The Order of Interbeing expanded into an international community of laypeople and monastics focused on "mindfulness practice, ethical behavior, and compassionate action in society." By 2017, the group had grown to include thousands known to recite the Fourteen Precepts.

===During the Vietnam War===
Vạn Hạnh University was taken over by one of the chancellors, who wished to sever ties with Nhất Hạnh and the SYSS, accusing Chân Không of being a communist. Thereafter the SYSS struggled to raise funds and faced attacks on its members. It persisted in its relief efforts without taking sides in the conflict.
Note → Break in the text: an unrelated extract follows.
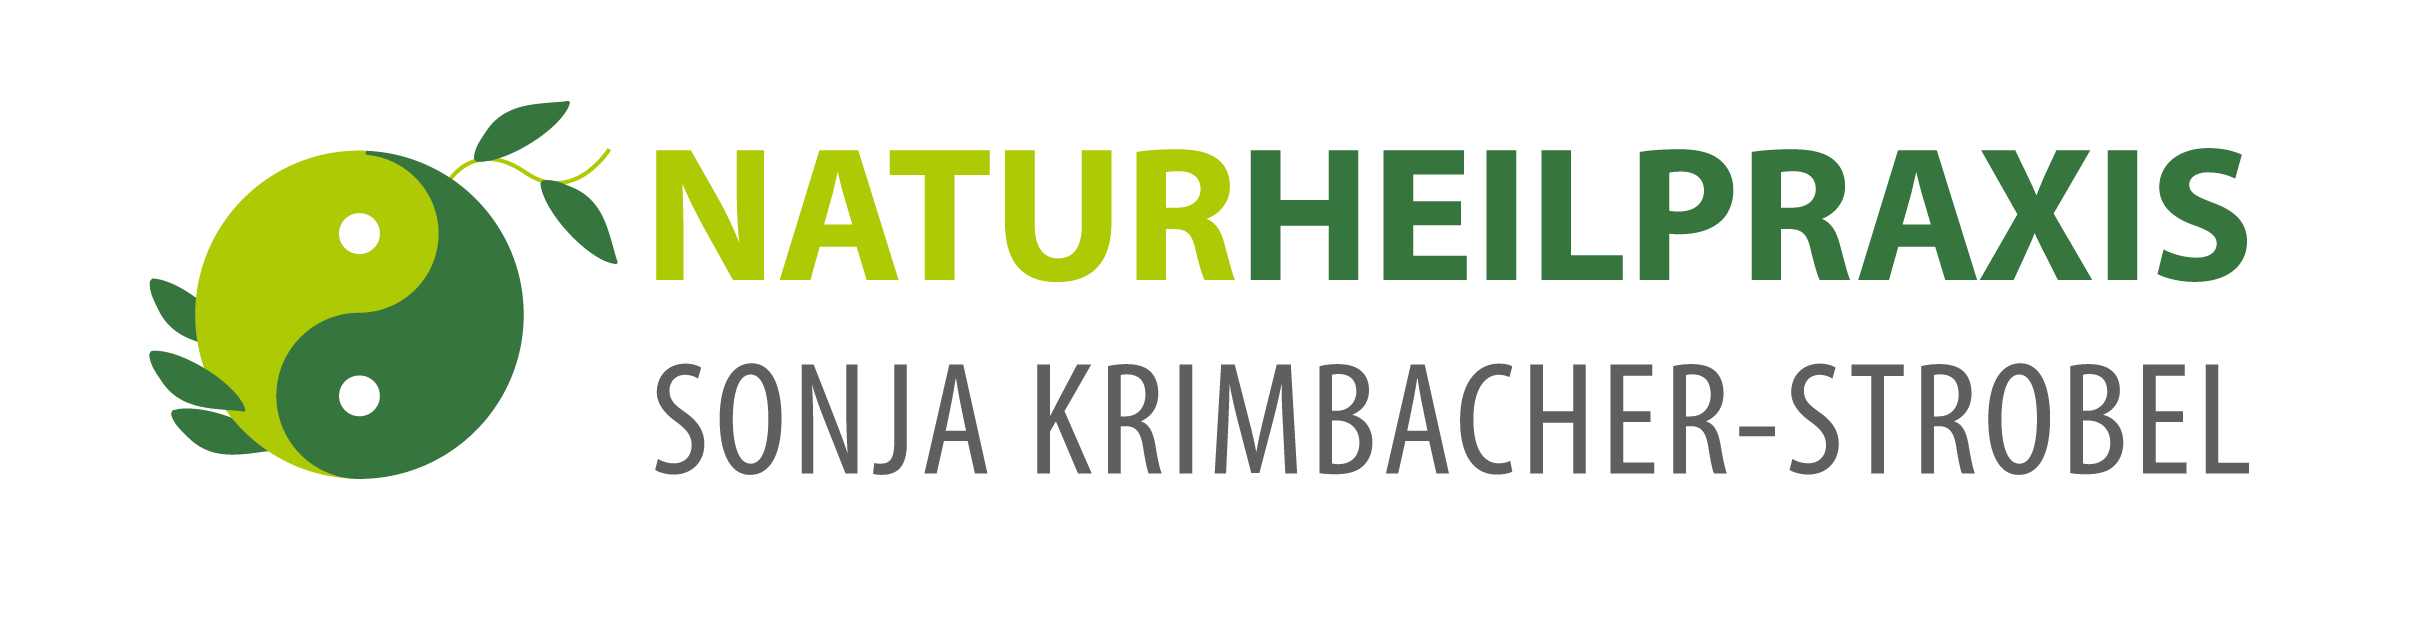 Naturheilpraxis Sonja Krimbacher-Strobel
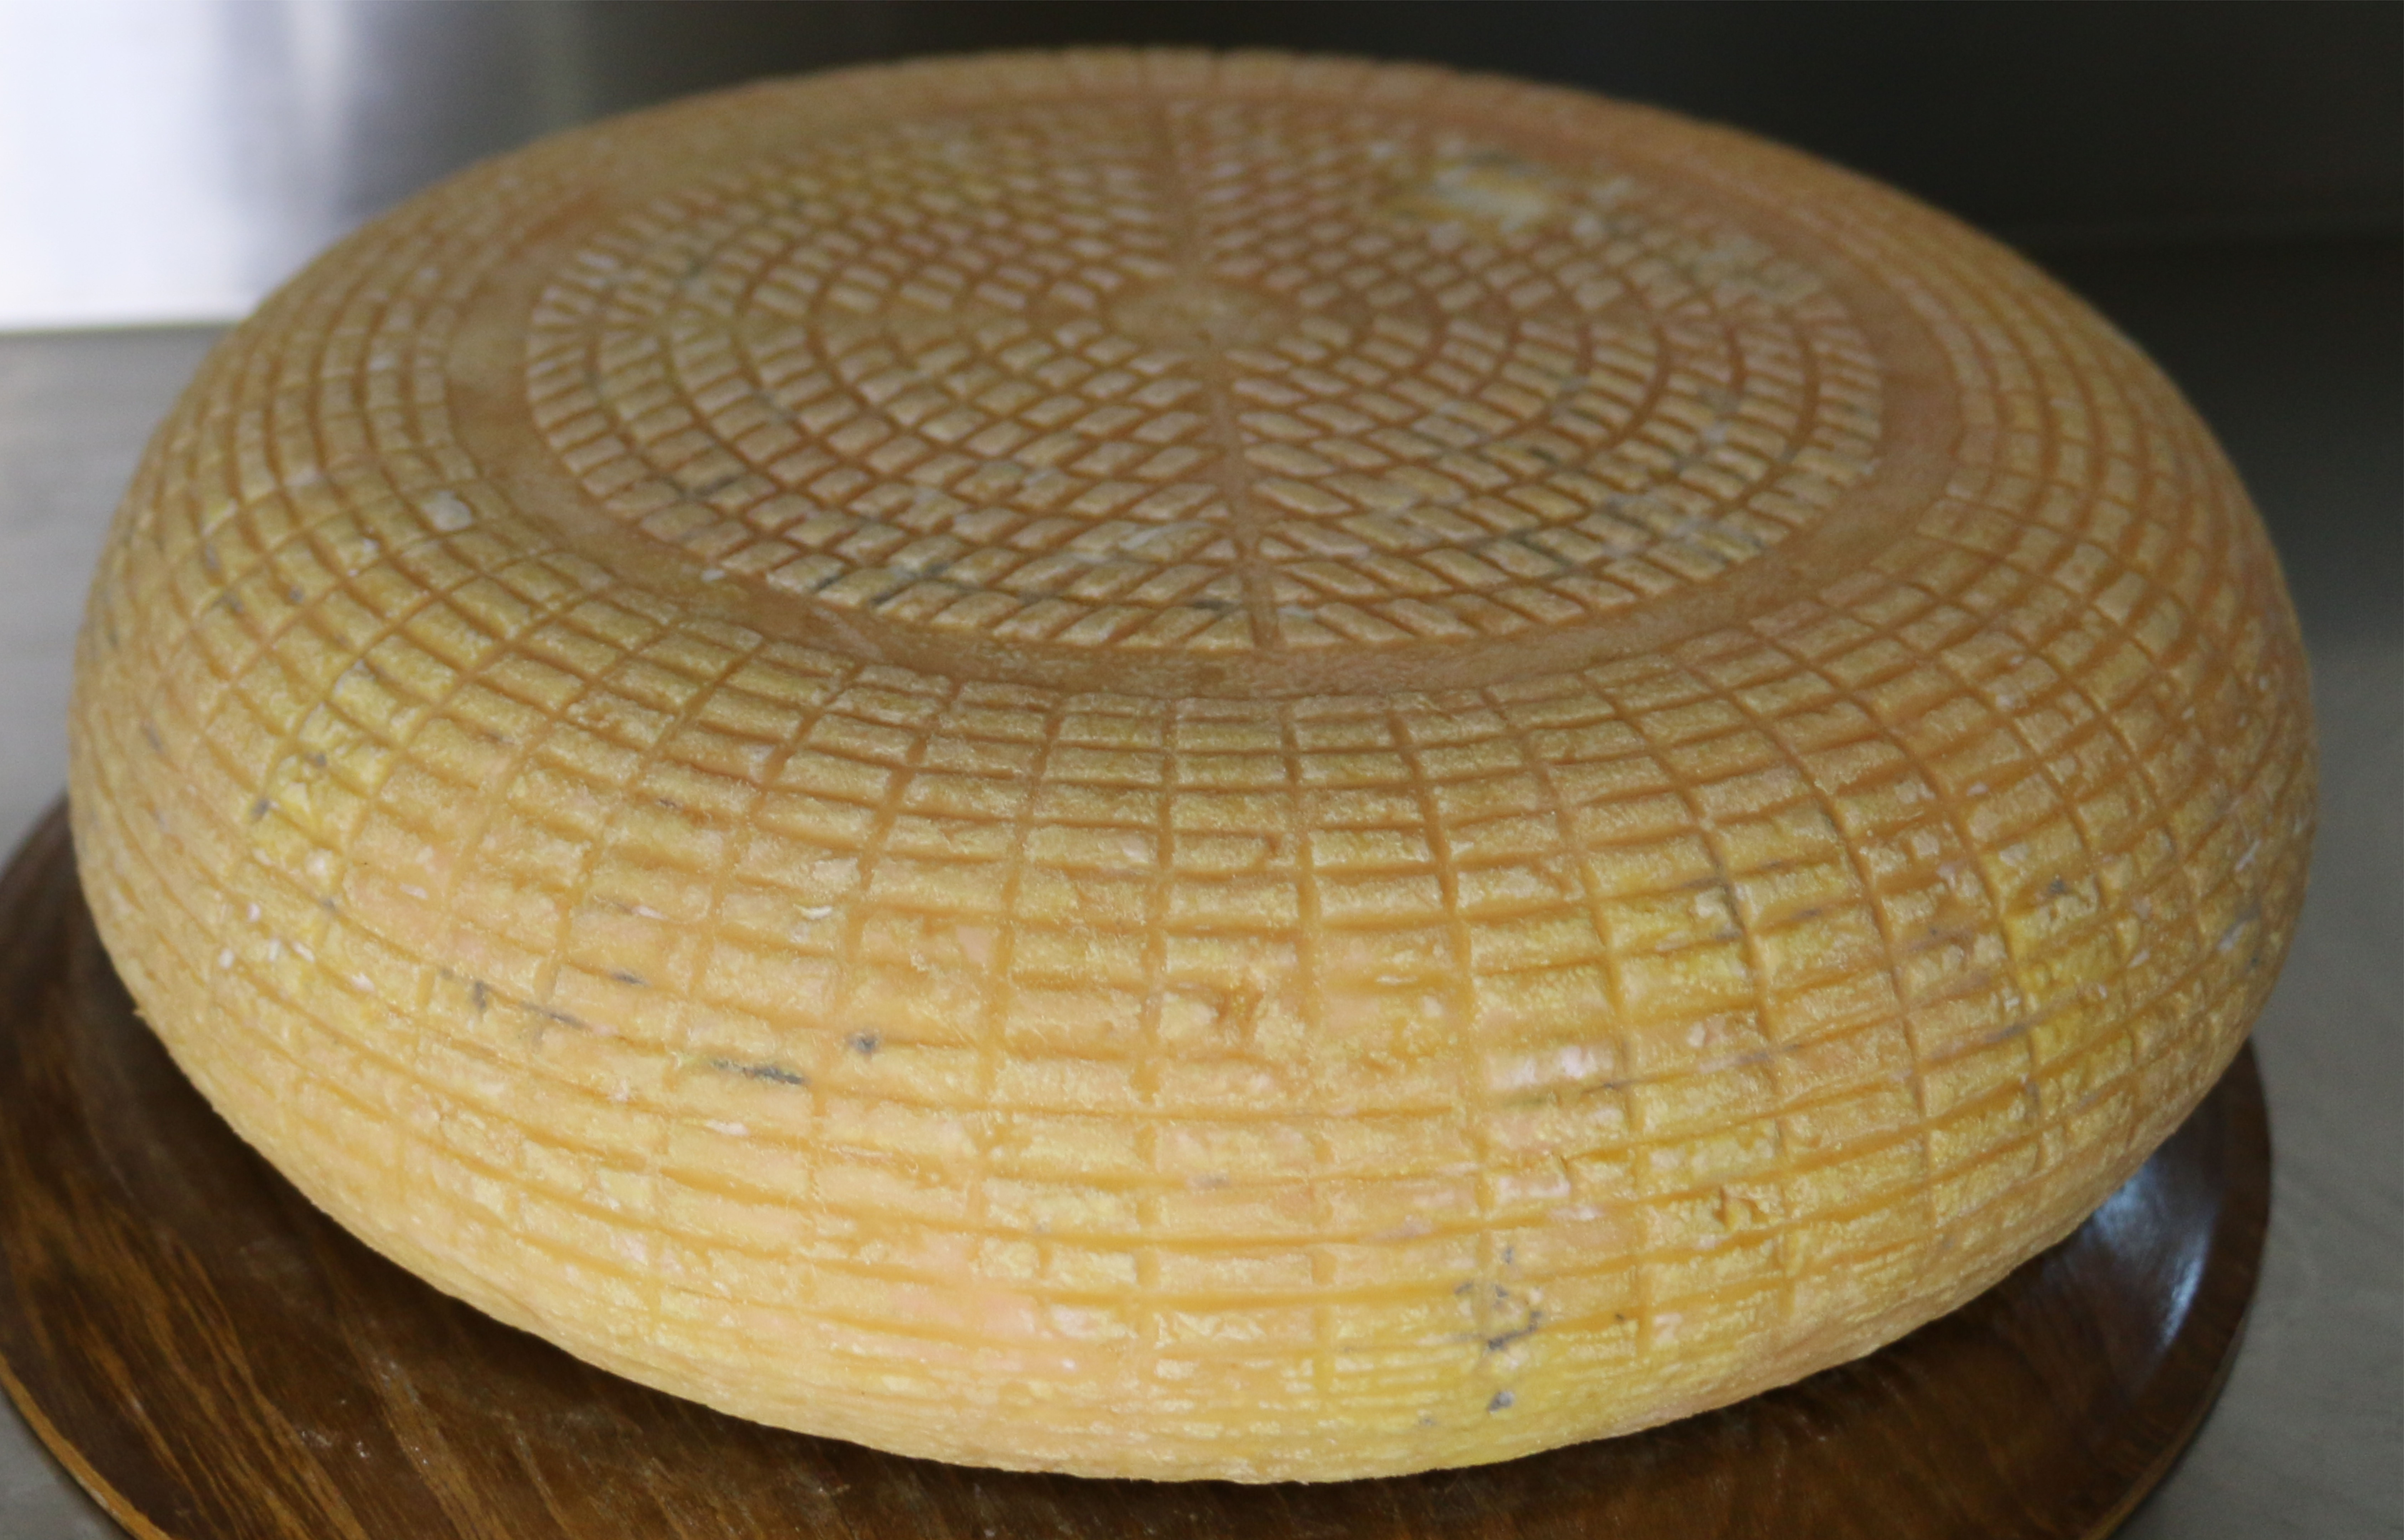 Munster / Meunster Cheese

Nhất Hạnh returned to the U.S. in 1966 to lead a symposium in Vietnamese Buddhism at Cornell University and continue his work for peace. He was invited by Professor George McTurnan Kahin, also of Cornell and a U.S. government foreign policy consultant, to participate on a forum on U.S. policy in Vietnam. On 1 June, Nhất Hạnh released a five-point proposal addressed to the U.S. government, recommending that (1) the U.S. make a clear statement of its desire to help the Vietnamese people form a government "truly responsive to Vietnamese aspirations"; (2) the U.S. and South Vietnam cease air strikes throughout Vietnam; (3) all anti-communist military operations be purely defensive; (4) the U.S. demonstrate a willingness to withdraw within a few months; and (5) the U.S. offer to pay for reconstruction. In 1967 he wrote Vietnam — The Lotus in the Sea of Fire, about his proposals. The South Vietnamese military junta responded by accusing him of treason and being a communist.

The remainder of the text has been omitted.